Now, all this is fine if you are redesigning an existing Web site, but it’s not feasible if you are still developing a new site, since your stats won’t yet exist. There are services that publish information on marketshare of different browsers; some you have to pay for and some are free (there’s a good source of links to sites like these here: kudos to Zeldman.com for the link). However, these are general statistics and might not be appropriate to your audience. This is especially relevant for Mac-oriented sites like MacEdition, but also for other demographics – for example, older people who are likely to have older computers.

This is where sharing of browser usage information could come in handy. Even if you want to protect your actual traffic volumes for commercial reasons, there is a common-good argument for sharing information about percentage shares. I know that Netscape 6 / Mozilla is only getting just over a percentage point of pageviews on MacEdition now, but are other Mac sites experiencing the same thing? I’d like to know, and I suspect some of them would, too. Should I be expecting more Mozilla in the future? Well, maybe not after some of my previous articles, but perhaps the experience of other sites will be informative about what I should expect.

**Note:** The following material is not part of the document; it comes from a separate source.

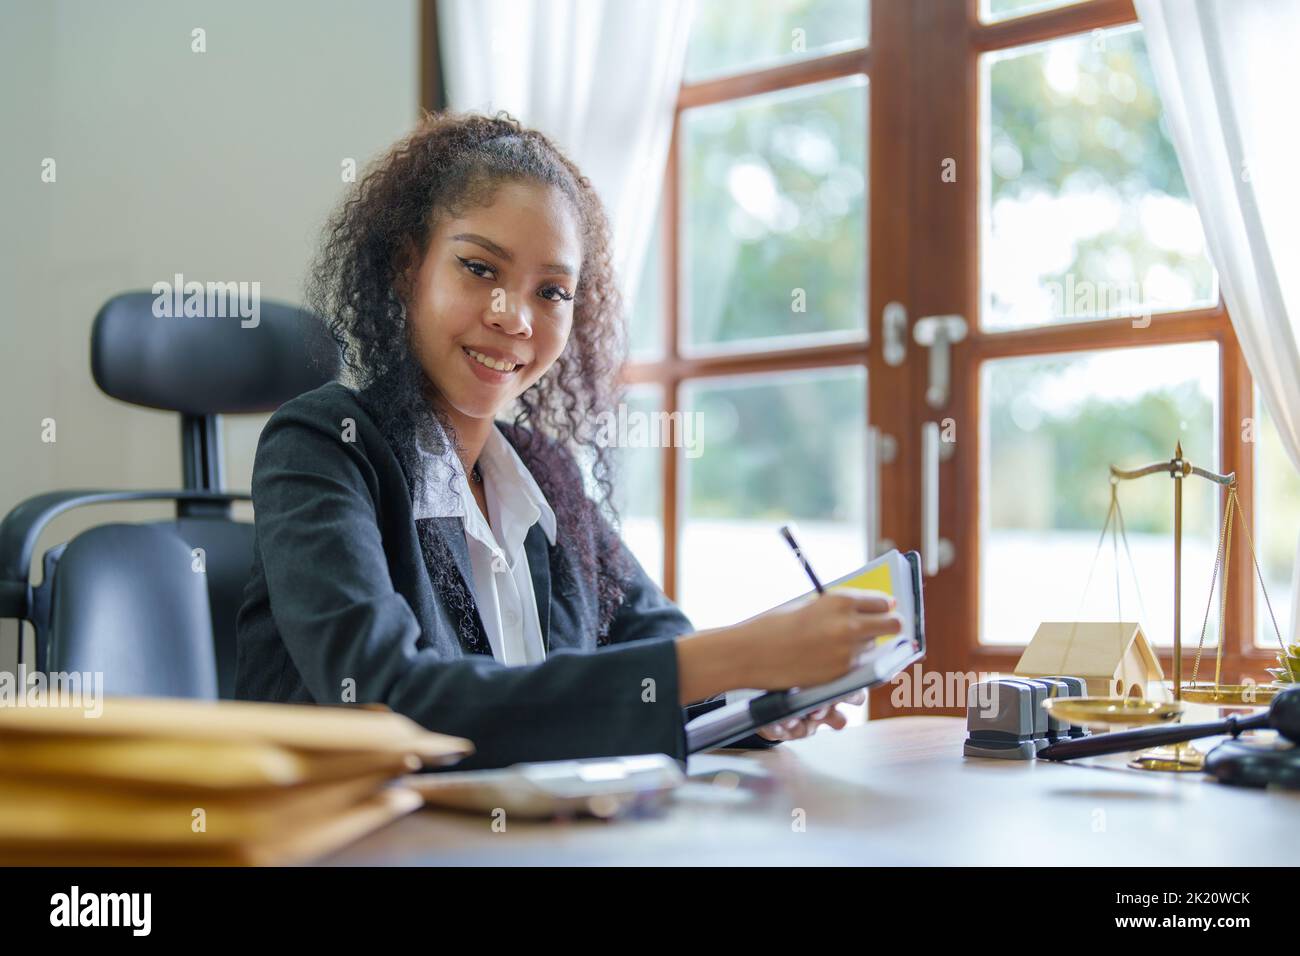 Portrait of an African Americans female lawyer using a notebook to keep track of her work schedule. Stock Photo
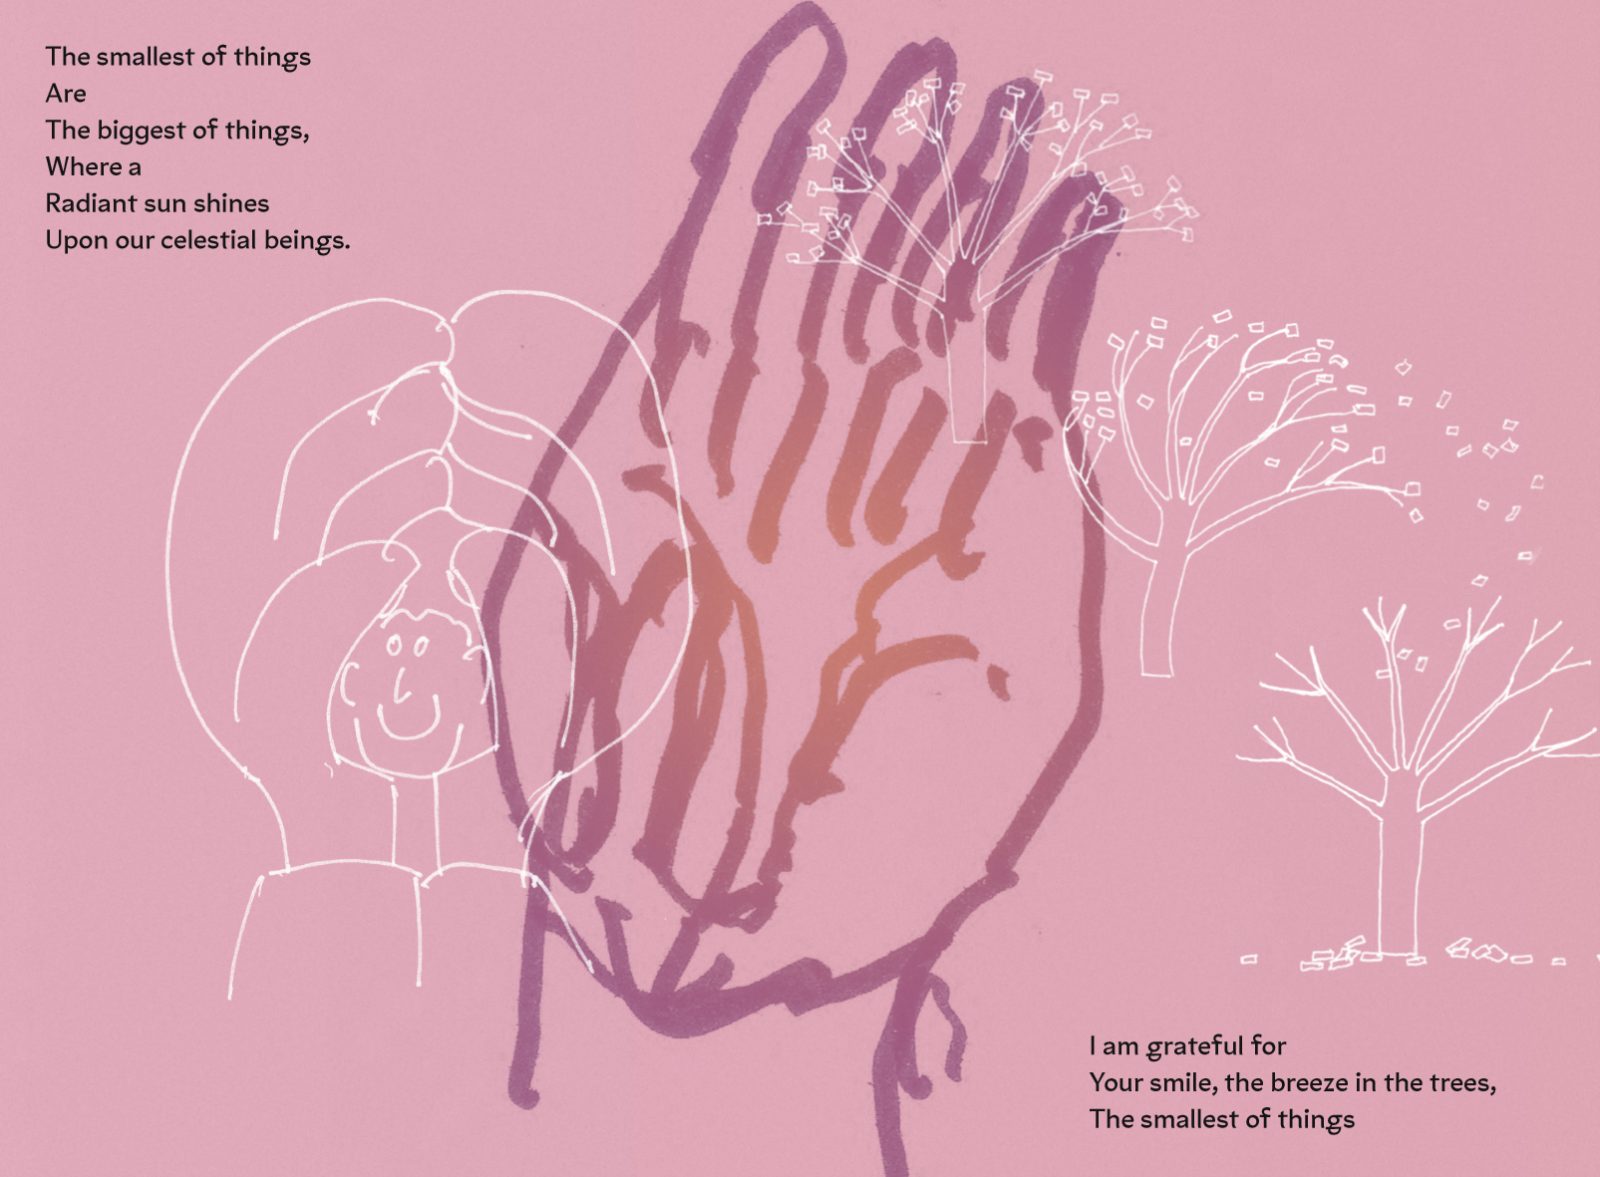 Pink pages of a the Your Make Me Feel Good Newspaper with purple and white line drawings and poetry in black text.

There are some details that would need to be finessed before embarking on a statistics-sharing initiative. No actual traffic data need be shared – just the domain, the percentage of pageviews (or sessions), the date and the browser version (identified to a reasonably fine level of detail, but not as detailed as the raw browser tag). There could be a searchable site, so I could see if the half of a percent of Netscape 4.04 and occasional CyberDog users are just outliers specific to MacEdition (like our staff!) or not. Some enterprising XML expert could generate something workable, I’m sure.

Under the threshold?

So now you know your audience. But this raises another issue: just how minor can a browser be before you start ignoring it? If you take the view that you want to be viewable in every possible browser, to what extreme should you take the commitment? One percent? Half of a percent? And even if you accept that things don’t look the same for the half of a percent of, say, Netscape 3.0 users, how much degradation is really graceful? I can’t answer those questions for you and your site; you do have to ask them of yourself.

At least there are some age extremes you needn’t worry about. I got a 1994-vintage pre-release version of MacMosaic working on my G3 the other day. (Yes, it really runs on a G3: here’s a screenshot to prove I’m not lying) Guess what? The only Web site that it can view is the MacMosaic home page at NCSA. Every other Web site runs on servers using HTTP 1.1, which MacMosaic didn’t support. So you don’t have to worry about those seriously old browsers.

If they’re using a browser that is so old it doesn’t support five- or six-year-old Web technologies (JavaScript, FONT tags, background colors on tables), they probably don’t care how gorgeous your Web site is. Let go of that imperative to make it look the same in every browser. But equally, let go of the other extreme, the delusion that you need only worry about 2 by 2 by 2.